Edit: Is this derived by equivalence of norm on euclidean space and the fact that for every $\epsilon > 0$ and a given $A$, one can find matrix norm $\|\cdot\|_\epsilon$ such that $\|A\|_\epsilon \leq \rho(A) + \epsilon$?
This can be found in various places, such as Wikipedia. This even holds for an arbitrary Banach algebra, which can be found in any book on functional analysis that covers the topic of Banach algebra. The key ingredient toward the general result is the Fekete's lemma.
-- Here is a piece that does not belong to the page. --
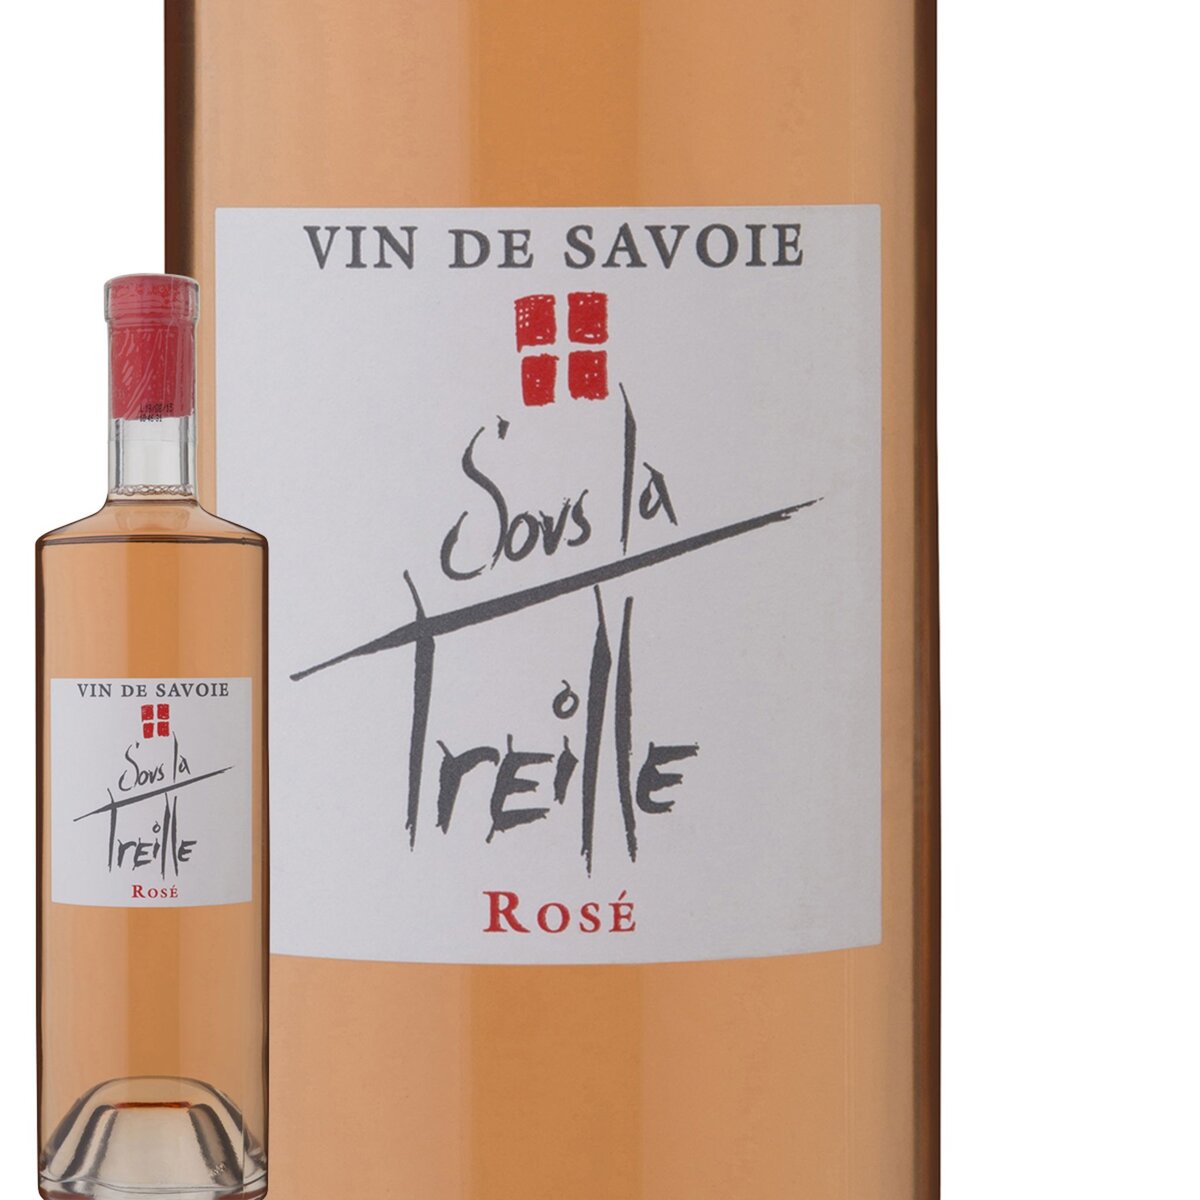 Sous la Treille Vin de Savoie Rosé 2015

However, in your particular case, if you admit this holds for $\|\cdot\|_2$, then it's easy to see why it holds for any other norm. Since $n\times n$ matrices form a finite dimensional space, all norms are equivalent, and say $\|\cdot\|\le C\|\cdot\|_2$, we have $\|A^n\|\le C\|A^n\|_2$, $\|A^n\|^{1/n}\le C^{1/n}\|A^n\|^{1/n}_2$, and let $n\rightarrow\infty$, we get $$\limsup_{n\rightarrow\infty} \|A^n\|^{1/n}\le\lim_{n\rightarrow\infty} \|A^n\|_2^{1/n}$$
By symmetry, we can also establish that $\lim_{n\rightarrow\infty} \|A^n\|_2^{1/n}\le\liminf_{n\rightarrow\infty} \|A^n\|^{1/n}$, hence we know that not only $\lim_{n\rightarrow\infty} \|A^n\|^{1/n}$ exists but equals $\lim_{n\rightarrow\infty} \|A^n\|_2^{1/n}$.